YOUR GOAL
The reply must repeat the listing below exactly and carry none of its pictures.

SUPPLIED INFORMATION
Start of Block

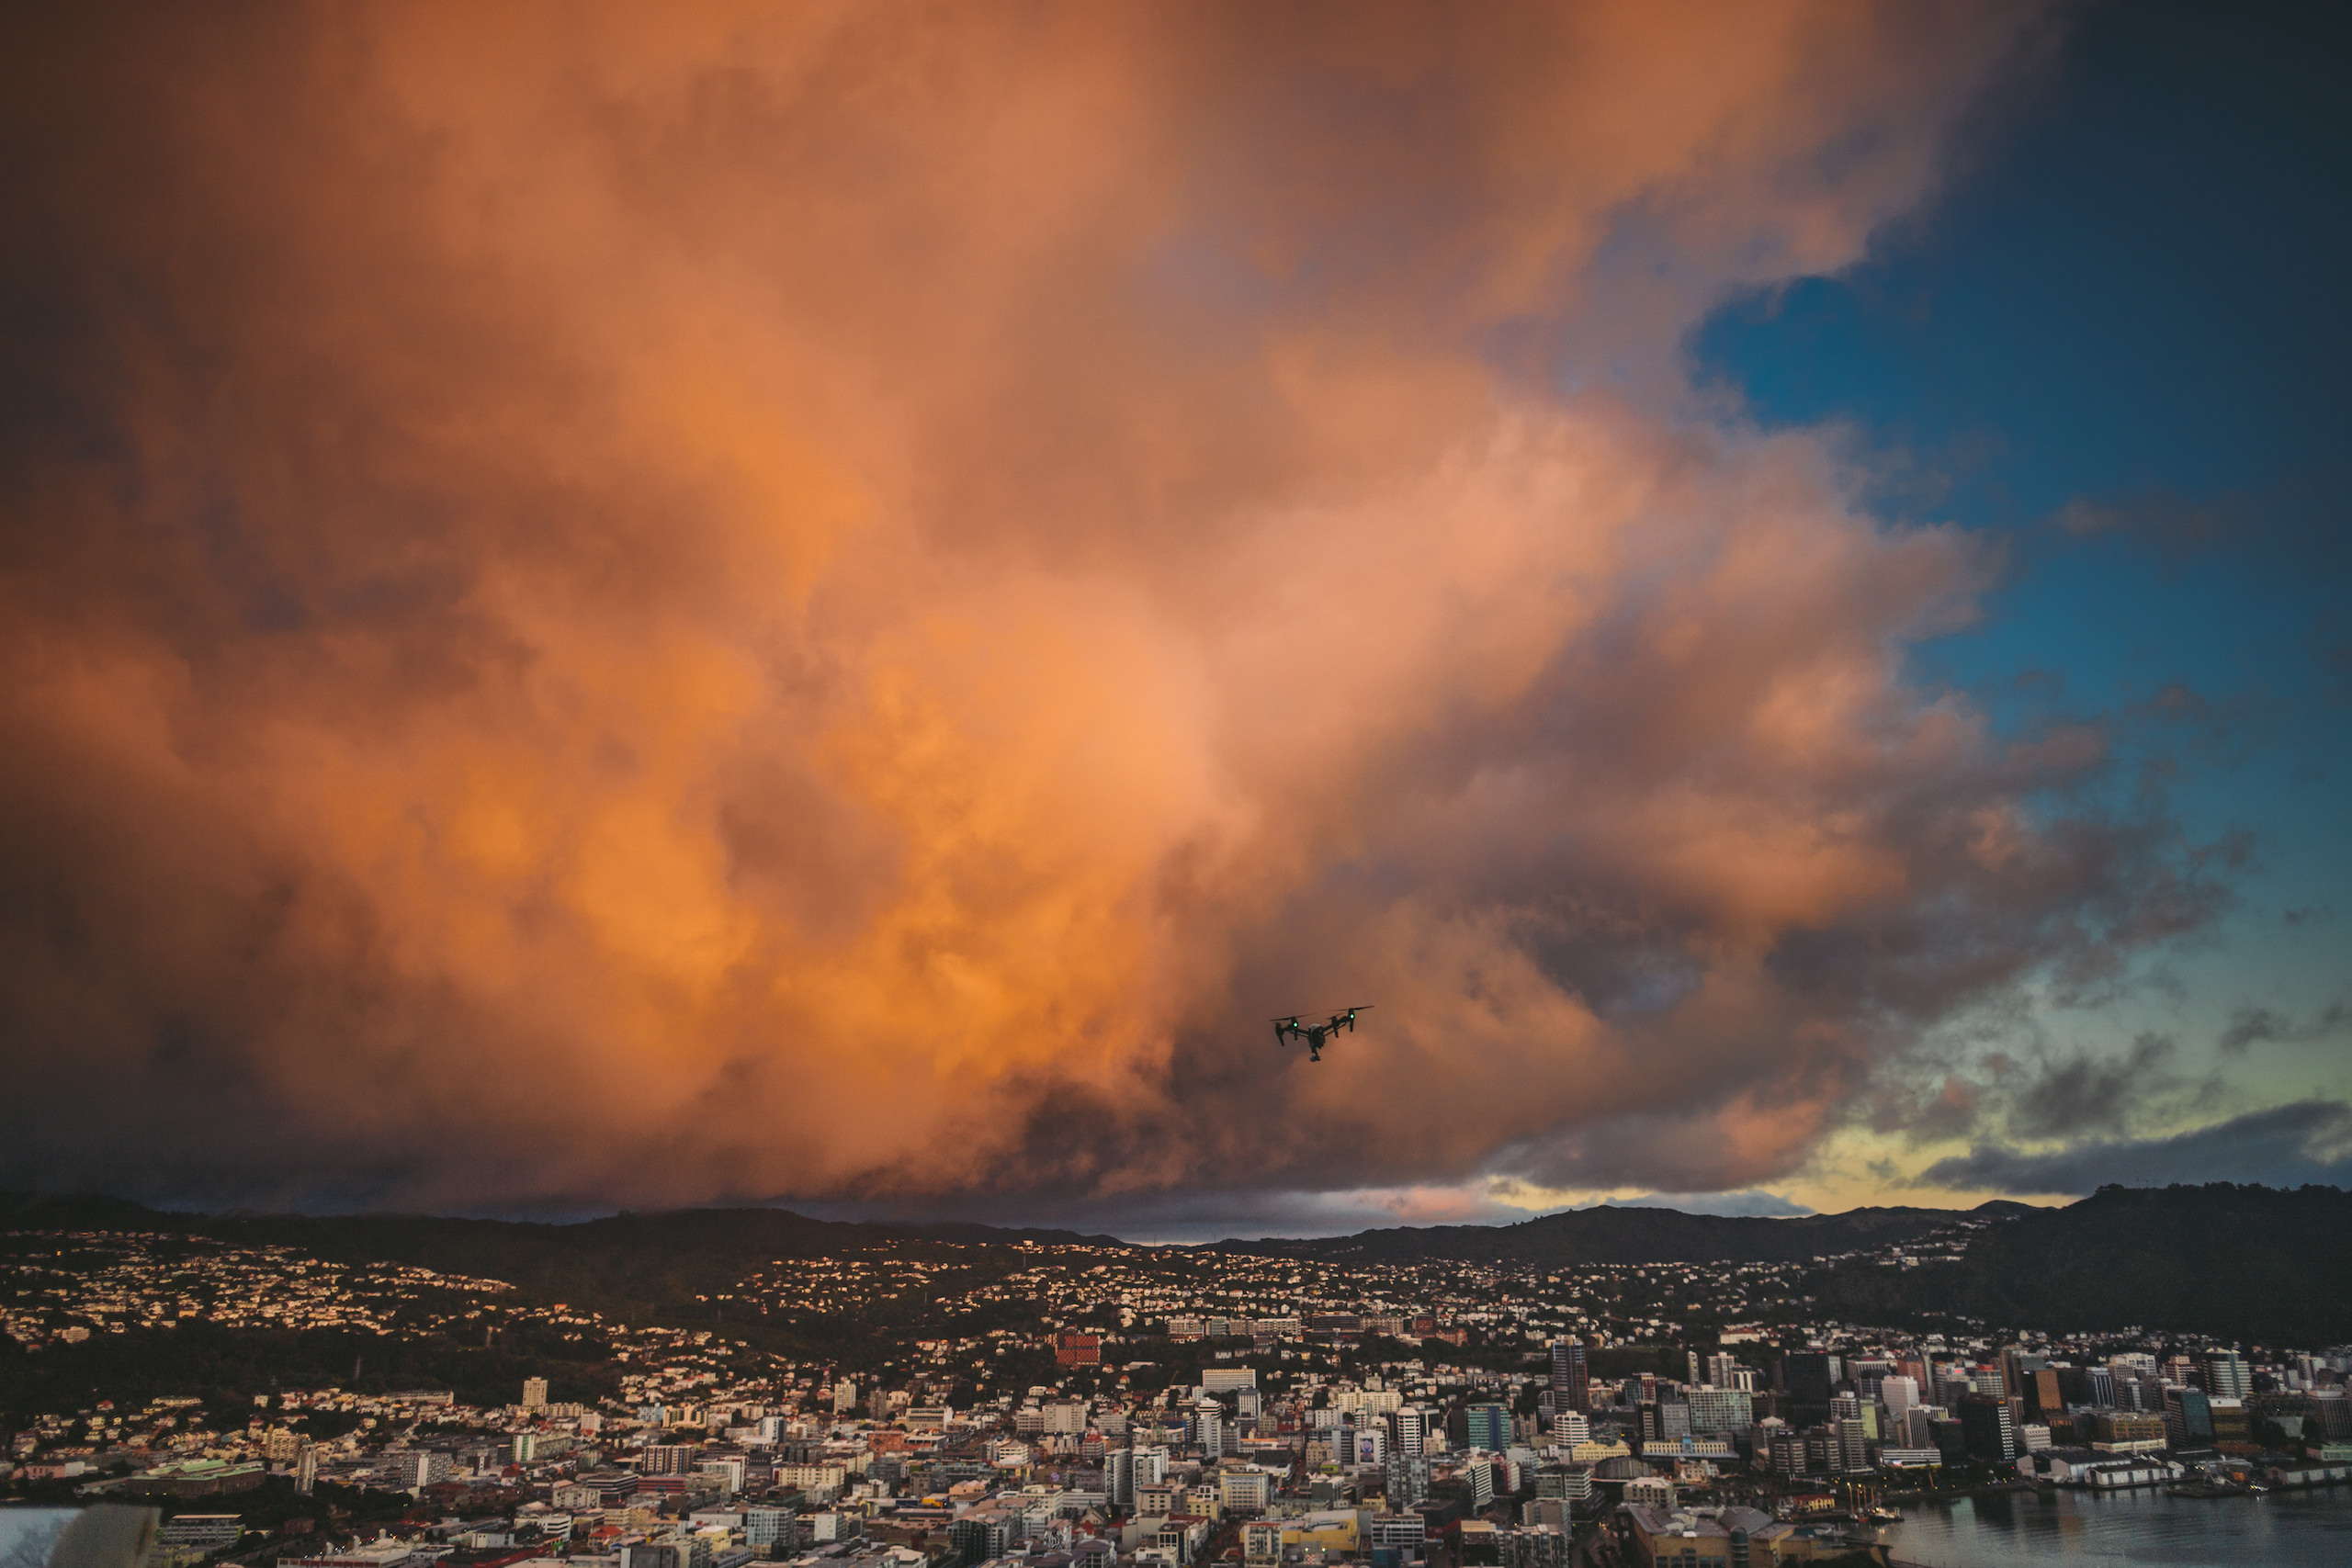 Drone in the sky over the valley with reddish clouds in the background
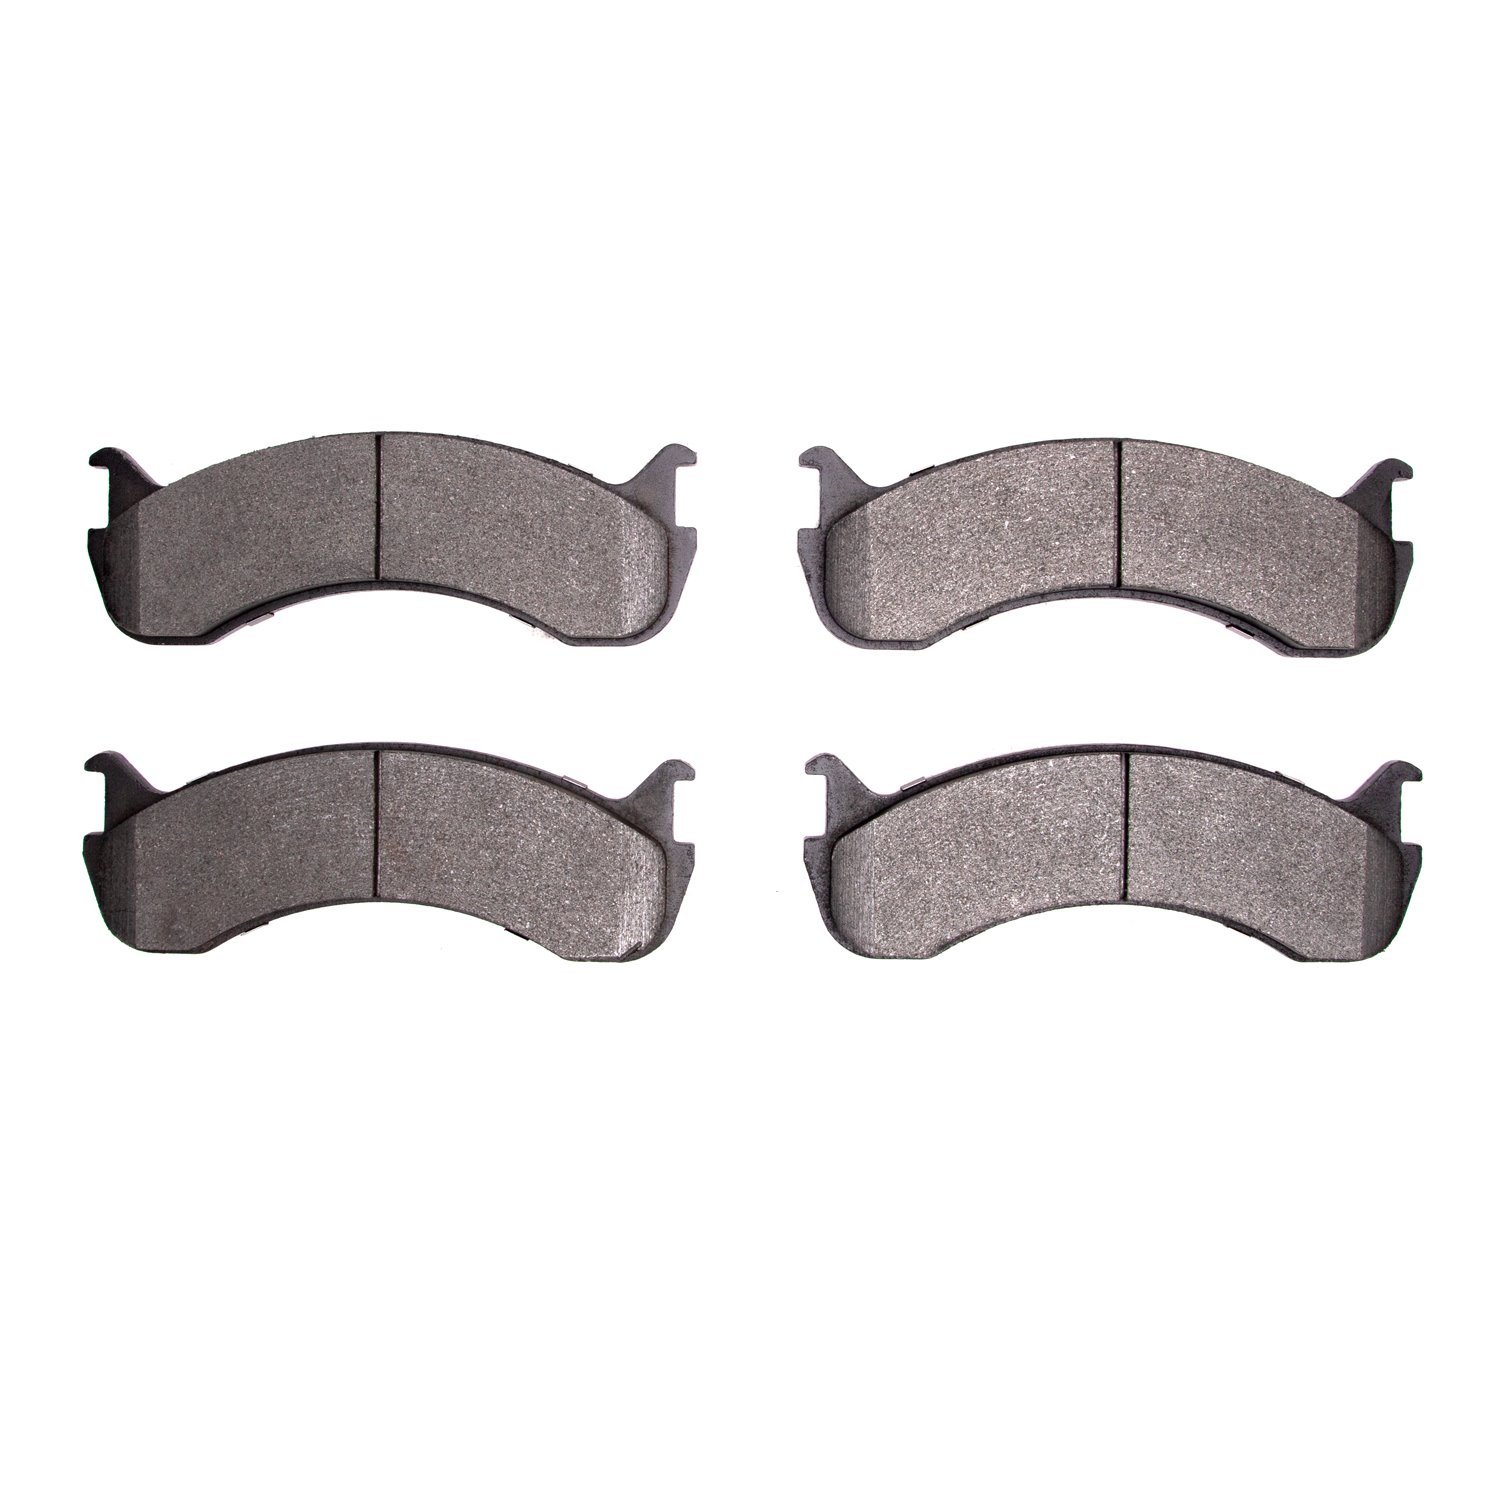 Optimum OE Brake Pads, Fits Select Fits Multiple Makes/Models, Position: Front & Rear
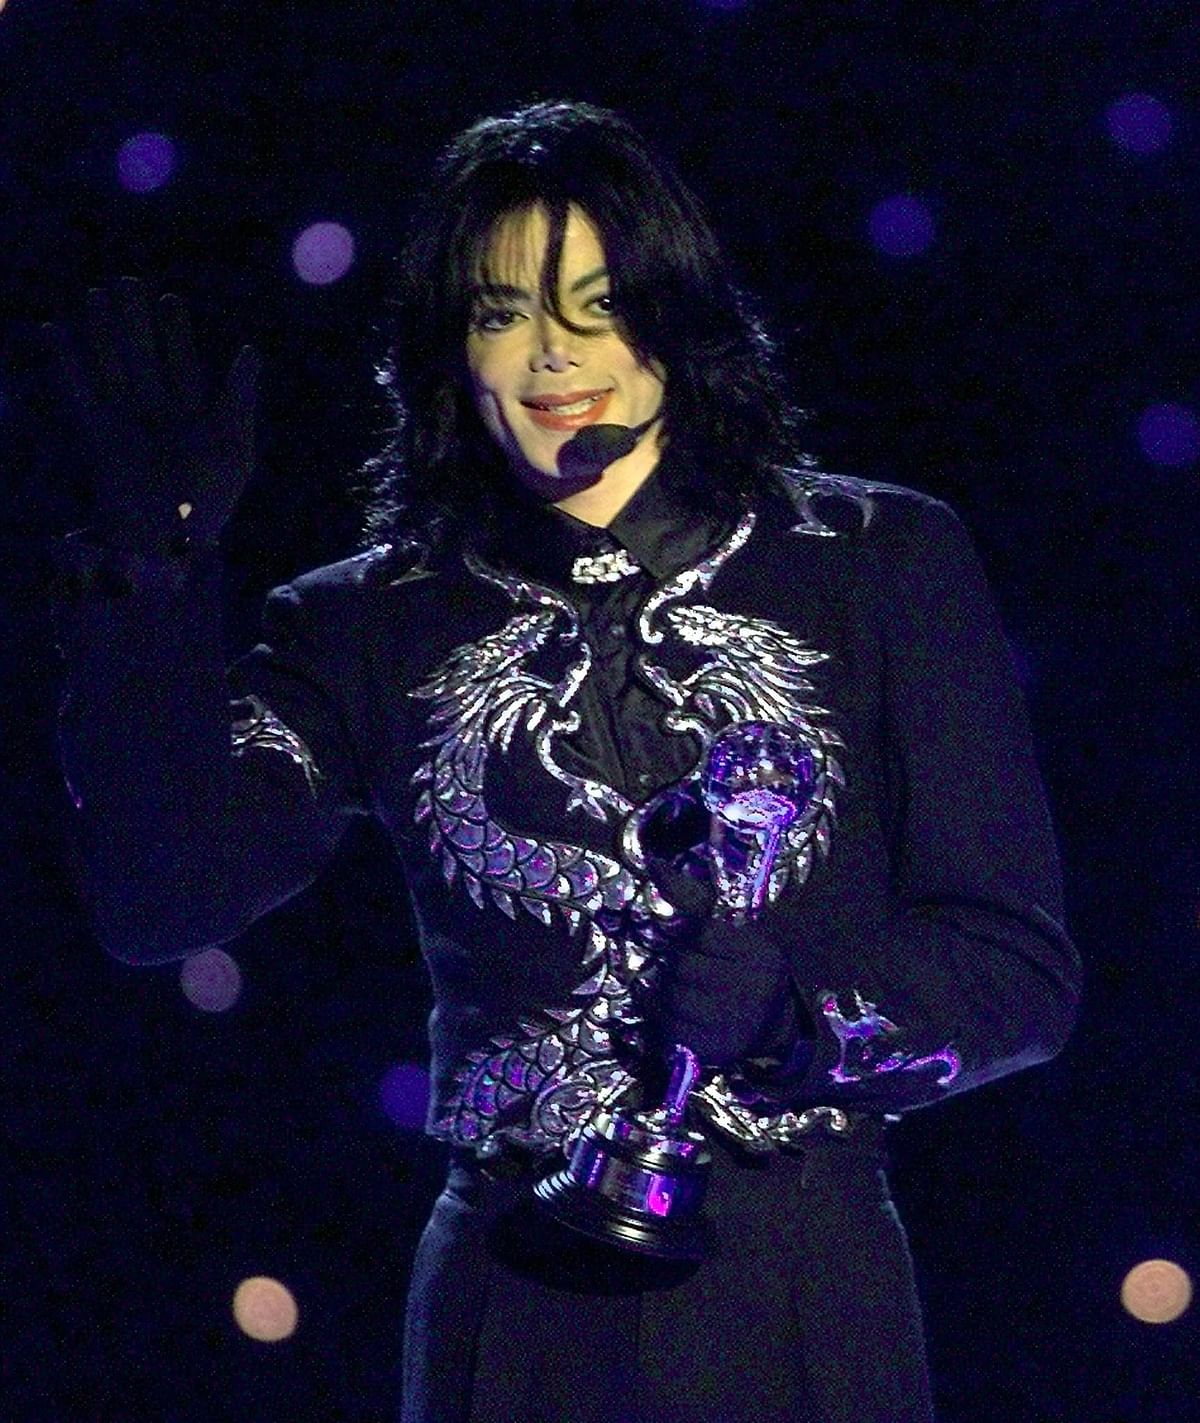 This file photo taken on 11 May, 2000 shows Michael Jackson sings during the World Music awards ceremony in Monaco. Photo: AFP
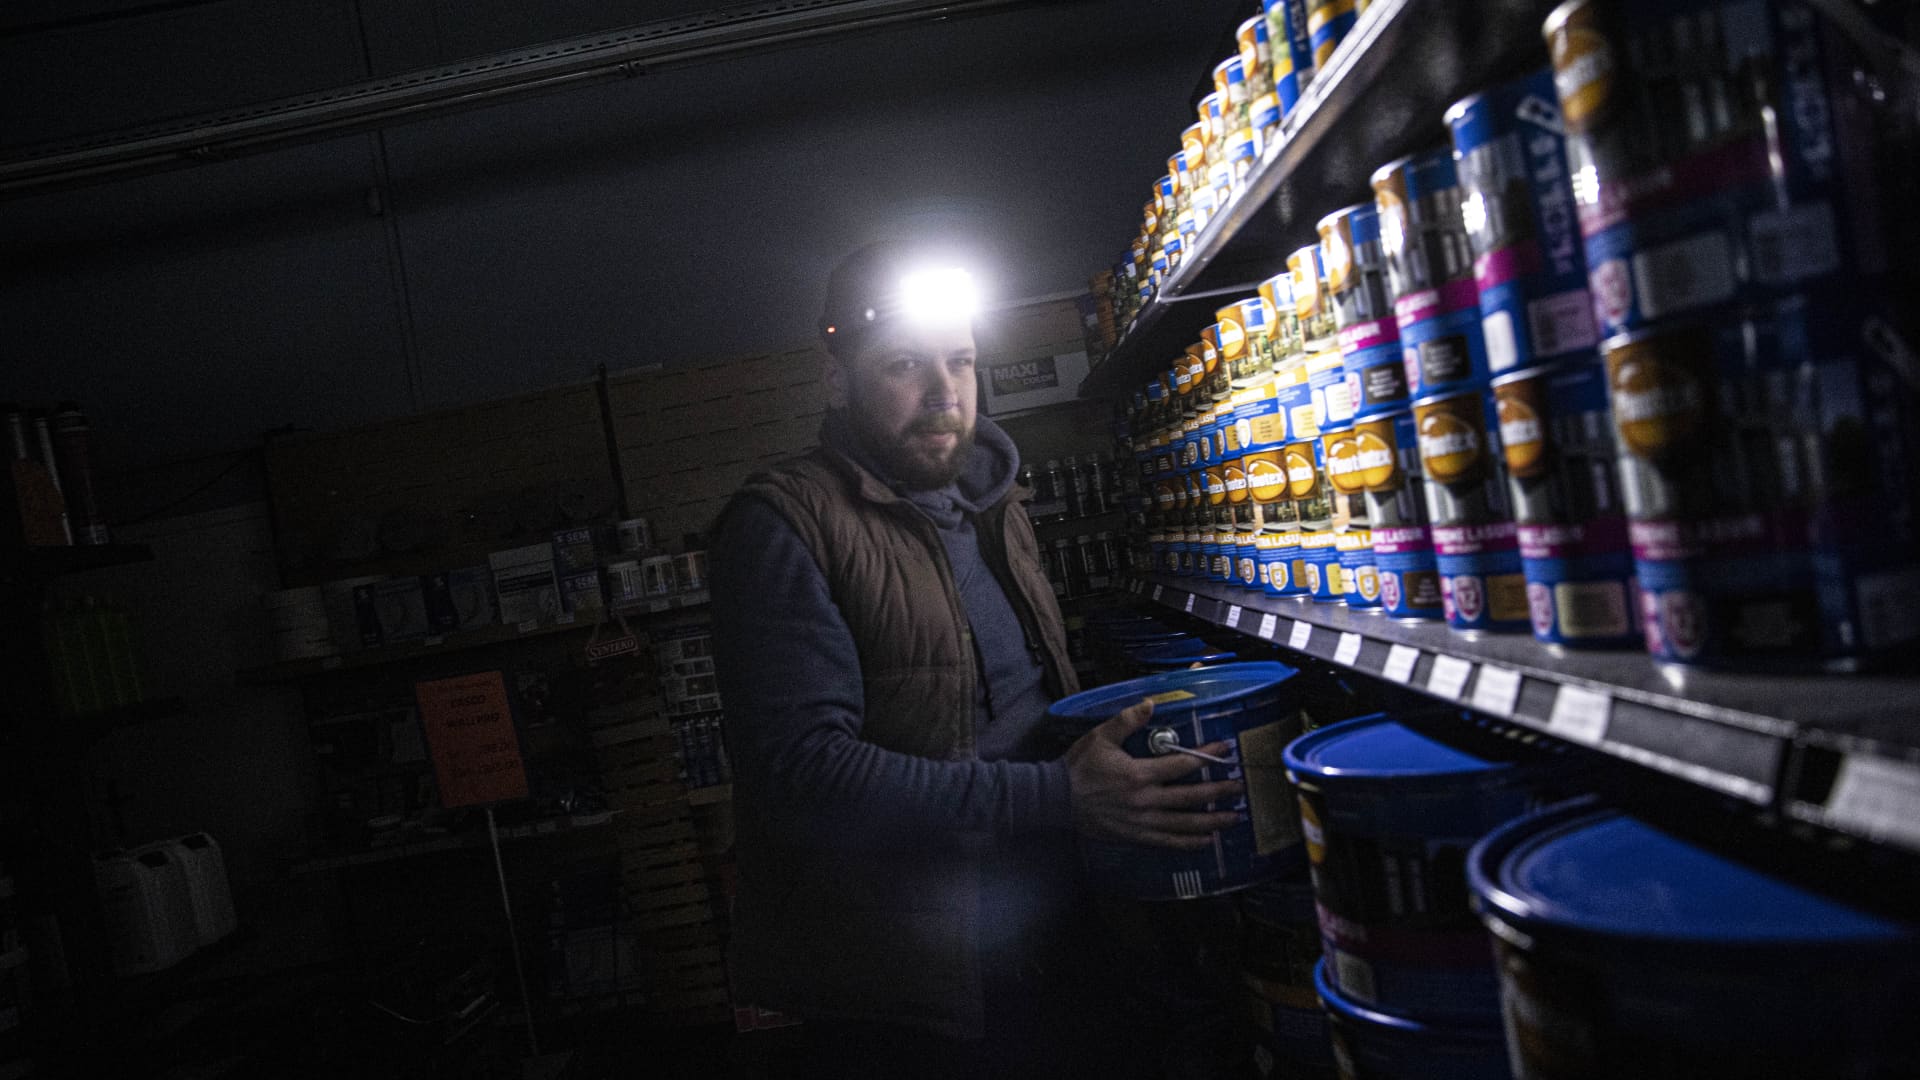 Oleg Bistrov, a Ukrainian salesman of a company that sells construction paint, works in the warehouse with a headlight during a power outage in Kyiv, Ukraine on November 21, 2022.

End of Block

RESPONSE FOR THIS EXERCISE
 Drone in the sky over the valley with reddish clouds in the background
 Optimum OE Brake Pads, Fits Select Fits Multiple Makes/Models, Position: Front & Rear
 This file photo taken on 11 May, 2000 shows Michael Jackson sings during the World Music awards ceremony in Monaco. Photo: AFP
 Oleg Bistrov, a Ukrainian salesman of a company that sells construction paint, works in the warehouse with a headlight during a power outage in Kyiv, Ukraine on November 21, 2022.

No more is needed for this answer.